Potential functional effects of GJB1 mutations were predicted using Polymorphism Phenotyping 2 (PolyPhen-2) software (http://genetics.bwh.harvard.edu/pph 2/), sorting intolerant from tolerant (SIFT) (http://sift.jcvi.org/), and Mutation Taster (http://www.mutationtaster.org/). PolyPhen-2 classified the predicted effects of amino acid substitutions on the function of human proteins as “benign,” “possibly damaging,” “probably damaging,” or “unknown.” The functional impact of the mutation was predicted as “tolerated” or “damaging” by SIFT and as “polymorphism” or “disease-causing” by Mutation Taster.

Results

Molecular analysis identified nine patients (five males and four females, mean age 32 [+ or -] 12 years, range 14–51 years) with GJB1 mutations from 79 patients with a clinical diagnosis of CMT. Among patients carrying GJB1 mutations, two had a positive family history compatible with X-linked inheritance.

Clinical findings

All patients with GJB1 mutations showed varying degrees (mild to severe) of muscular atrophy, sensory disturbance, diminished reflexes, and foot deformities. Weakness and atrophy were marked in the bilateral distal lower extremities, such as in the anterior tibialis and gastrocnemius muscles, and without obvious involvement of the proximal muscles [Table 1].{Table 1}

Nerve conduction studies

MCVs and SCVs were reduced or not detected in patients with GJB1 mutations. The amplitudes were reduced, and latencies were prolonged in accordance with slowed conduction velocities. MCVs in the median nerve of all nine patients were <38 m/s. [Table 2] summarizes electrophysiological data from all patients with GJB1 mutations.{Table 2}

Molecular and bioinformatics analysis

On molecular analysis, nine GJB1 missense mutations, including c.283G>A, c.77C>T, c.643C>T, c.515C>T, c.191G>A, c.610C>T, c.490C>T, c.491G>A, and c.44G>A, were revealed in nine unrelated patients. Of these, c.643C>T, c.191G>A, and c.610C>T had not been reported previously and were absent in the 1000 Genomes Project and the dbSNP, suggesting that they were not polymorphisms.

The novel c.643C>T, c.191G>A, and c.610C>T missense mutations were detected in patients #3, #5, and #6, respectively, and were all associated with no positive family history (absent in asymptomatic parents, information unavailable, and asymptomatic mother, respectively).
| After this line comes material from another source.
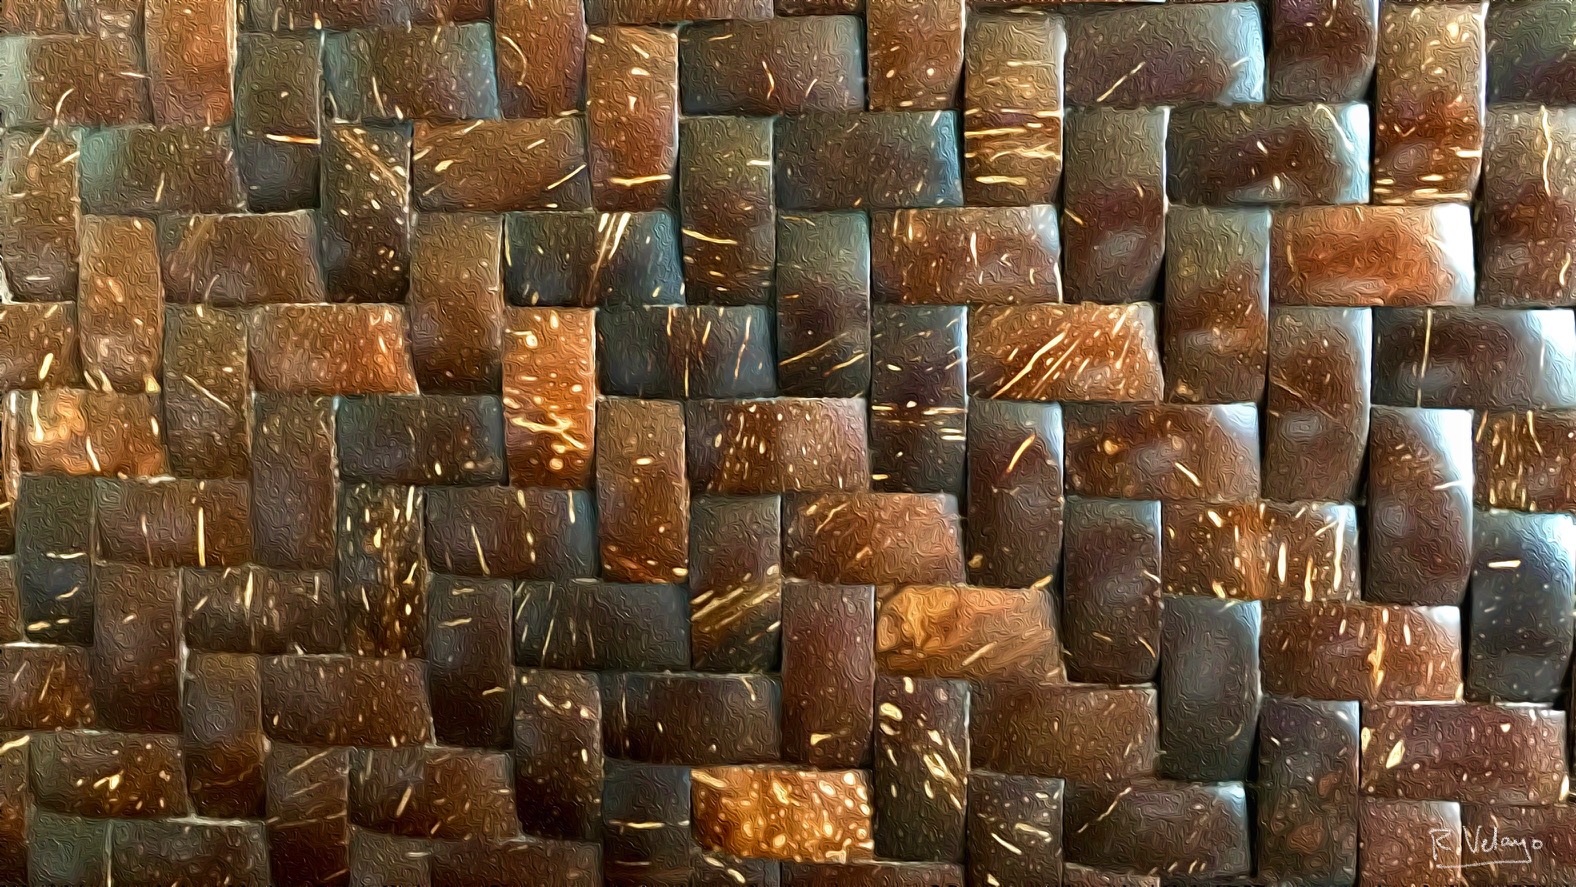 "COCONUT SHELL IN WOVEN PATTERN" [Created: 8/27/2021]

Molecular analysis performed on the asymptomatic mother of patient #6 revealed a c.610C>T mutation in exon 2 [Figure 1], and NCS revealed subclinical peripheral nervous damage in the mother. The c.643C>T, c.191G>A, and c.610C>T mutations would result in amino acid changes from arginine (R) to tryptophan (W) at codon 215 (p.R215W), cysteine (C) to tyrosine (Y) at codon 64 (p.C64Y), and leucine (L) to phenylalanine (F) at codon 204 (p.L204F), respectively, and were predicted by the PolyPhen-2 software (score 0.999, sensitivity 0.14, specificity 0.99; score 1.000; sensitivity 0.00, specificity 1.00; and score 1.000; sensitivity 0.00, specificity 1.00, respectively) to be “probably damaging” and capable of disrupting the function of GJB1 . Mutation Taster and SIFT, respectively, predicted the three mutations as being functionally “disease-causing” and “damaging” (SIFT score of 0).{Figure 1}

Of the previously reported mutations, c.490C>T mutation was detected in patient #7, whose father had similar symptoms. This mutation would result in an amino acid change from arginine (R) to tryptophan (W) at codon 164 (p.R164W). Both parents underwent molecular analysis and the patient's father tested positive for the same mutation; however, mutation information was unavailable for other paternal relatives. In addition, c.44G>A mutation was detected in patient #9 whose grandmother, father, and father's sister had similar symptoms [Figure 2]. The mutation would result in an amino acid change from arginine (R) to glutamine (Q) at codon 15 (p.R15Q). Molecular analysis of the patient's aunt and patient's 3-year-old asymptomatic son revealed that they had the same mutation.{Figure 2}

Discussion

In this study, nine missense mutations within GJB1 were identified, of which three were novel missense mutations discovered using molecular analysis. In silico analysis indicated the disease-causing features of the three novel mutations. It is well-known that there are more than 400 mutations identified for the GJB1 gene including missense, deletion, and frame-shift mutations.[sup][9] So far, mutations of p.I71S, p.R15W, p.R75W, p.R183C, p.N205S, p.N2K, p.I127F, p.D178G, p.R15Q, p.R164Q, p.R183H, p.T188A, p.R75W, p.L131P, and p.R164W have been reported from China,[sup][9],[10],[11],[12] of which mutations of p.I71S, p.N2K, p.I127F, and p.D178G are novel [sup][10],[11],[12] and have not been reported from other countries. Mutations of p.R15W, p.R75W, p.R183C, and p.R164Q cause CNS damage, which is consistent with data reported in literature from other countries.[sup][13] The newly discovered three missense mutations have broadened the mutation diversity of the GJB1 gene. Molecular analysis was conducted on some of the family members of the patients. The asymptomatic mother of patient #6 (male) was confirmed as carrying c.610C>T mutation which was identical to that in patient #6; although she had no symptoms, NCS revealed subclinical PNS damage. This phenomenon indicates that female carriers are less affected or may be asymptomatic, probably due to X-inactivation.[sup][14],[15] Both patient #7 and her father presented with similar symptoms and carried c.490C>T mutation, which was not detected in the mother, suggesting dominant inheritance.[sup][13] In addition, both patient #9 and her paternal aunt carried c.44G>A mutation; however, her 3-year-old son carried the same mutation but remained asymptomatic. This is probably because CMT onset usually occurs after adolescence and most males are clinically affected starting from 10 years of age;[sup][16],[17] it is likely that clinical symptoms had not yet manifested in this carrier. In addition, patient #4 (female) with c.515C>T mutation (het) was reported to have X-linked recessive CMT.[sup][18] Although some cases have been reported to have “recessive” CMTX1, some obligate carriers among these have electrophysiological evidence of peripheral neuropathy.[sup][13]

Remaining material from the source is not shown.